Iraqi Protests Turn Deadly as Police Open Fire
Demonstrators demand government crackdown on unemployment, corruption
[Baghdad] For a second day, hundreds of angry Iraqis took to the streets of Baghdad and other cities, blocking major roads and clashing with security personnel.
Officers fired in the air to disperse the crowds.
At least two demonstrators were killed in violent demonstrations on Tuesday, and more than 200 persons were injured, among them 40 members of the security forces, health officials said.
The protests represent a major challenge to Iraq’s shaky year-old government.
More than a thousand angry demonstrators shut down the Jumhouriya Bridge on their way to the capital on Wednesday before security forces met them with a barrage of tear gas and gunfire. Health officials and Iraqi media reported another demonstrator killed in a southern province amid accusations that the police have been using excessive force.
The government blamed “groups of inciters” for the violence and said the security forces were working to ensure the safety of peaceful protesters.
President Barham Salih condemned the violence and called for “restraint and respect for the law,” urging both sides to avoid violence.
“Peaceful protest is a constitutional right granted to citizens,” he said late Tuesday.
The United Nations also urged both sides to show restraint.
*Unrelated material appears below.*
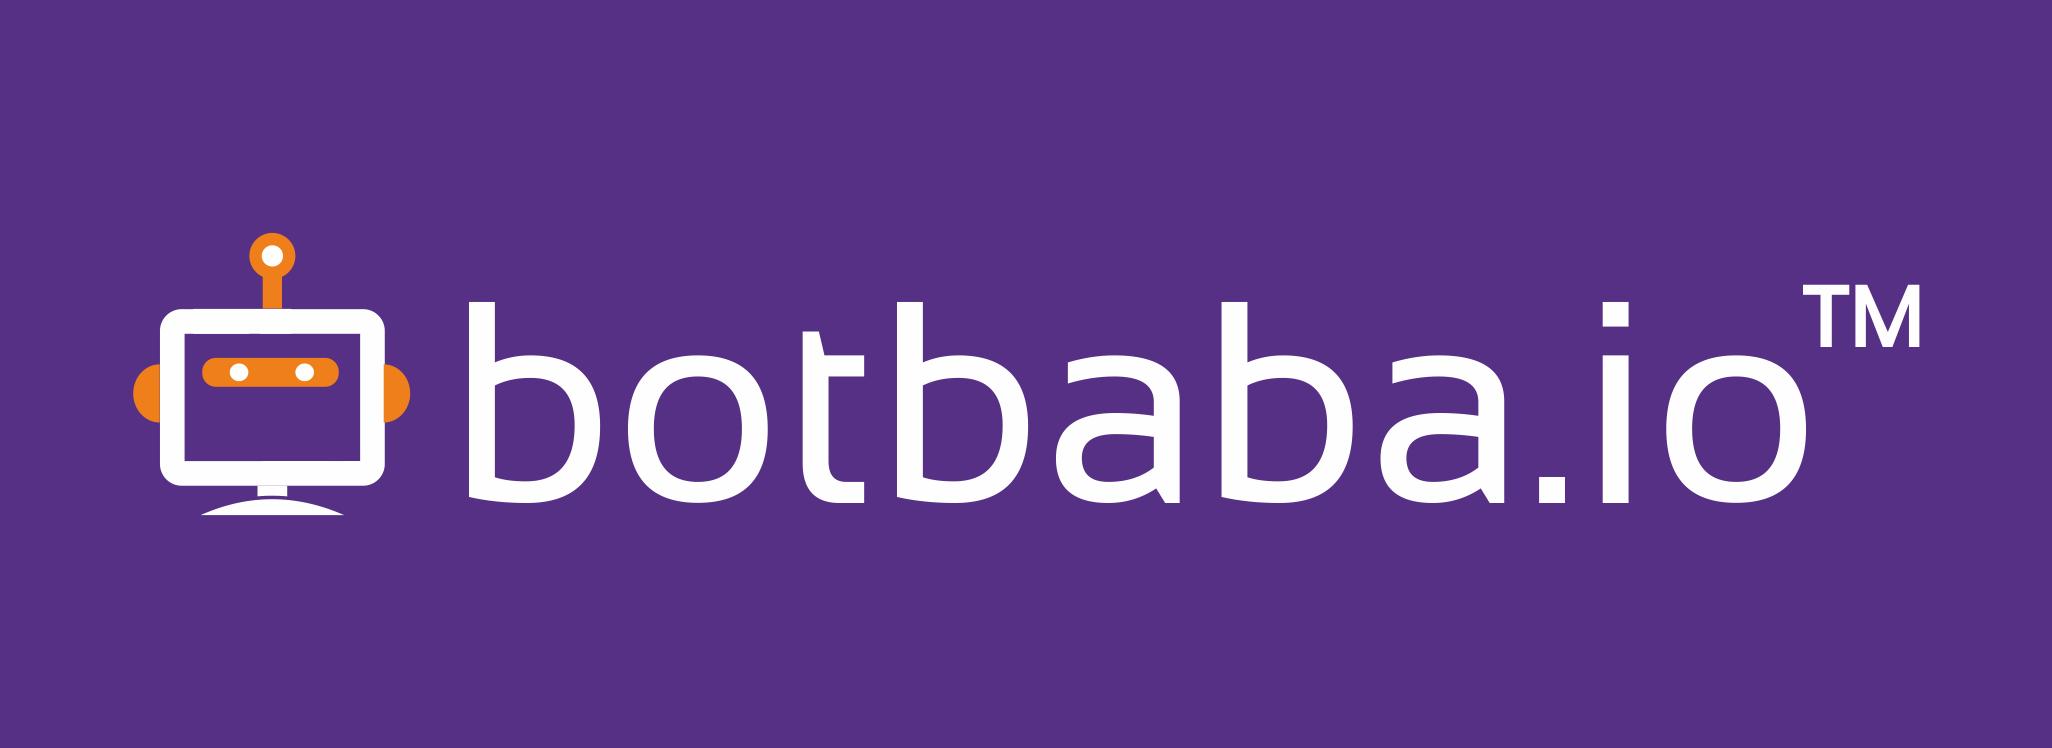 botbaba.io, a chatbot developer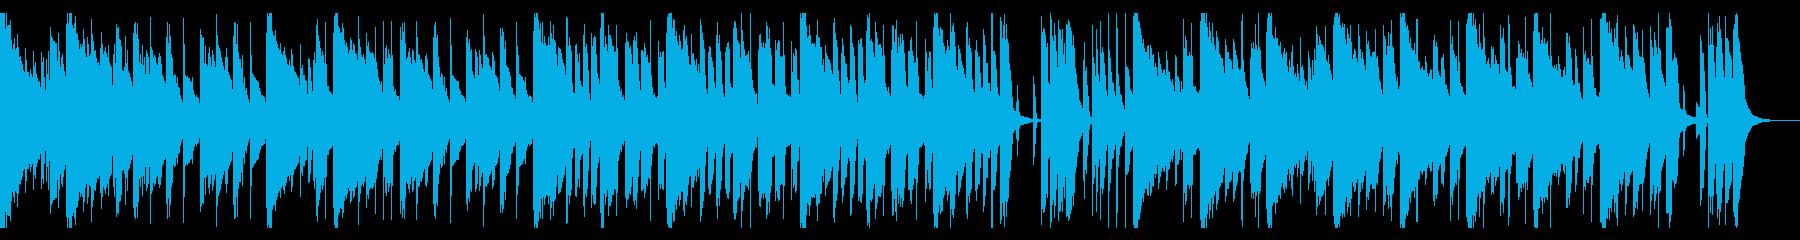 ちびっ子の運動会 マリンバの再生済みの波形

Its top official in Iraq, Jeanine Hennis-Plasschaert, expressed “grave concern” on Wednesday, saying she “deeply regrets the casualties.” She urged authorities to “exercise restraint in their handling of the protests.”
Holding Iraqi flags, demonstrators packed the capital’s iconic Tahrir Square, shouting “Those thieves robbed us!” and bearing signs saying “You don’t own this country.”
Angry at politicians, unemployment, corruption and poor public services, many in the crowd told The Media Line they’d “had enough.”
Protester Haider Ali said that politicians do only what best serves their own narrow interests.
“They don’t care about us; all they want is to make money for themselves,” he said.
Ali added that he was “fed up” with promises and no action.
Protester Ibrahim Ammari, a 29-year-old unemployed college graduate, also blamed politicians.
“The parliament is made up of gangs and they just want to get rich with their cronies,” he said.
Many areas of Iraq suffer from frequent power cuts and water shortages.
The protests are the biggest and most threatening to the rule of Prime Minister Adil Abdul-Mahdi since he took office in October 2018, soon after demonstrations swamped the southern city of Basra and threatened to spark similar violent protests elsewhere.
Iraq is the 12th-most corrupt country in the world, according to the anti-graft group Transparency International. Youth unemployment runs at around 25 percent, the World Bank says.
Abdul-Mahdi has also taken flak over the shock removal this week of Lt.-Gen. Abdel-Wahab al-Saadi as deputy commander of the country’s counter-terrorism service.
Saadi has been feted as a national hero for recapturing Iraqi territory from Islamic State, and protesters have been seen carrying his portrait.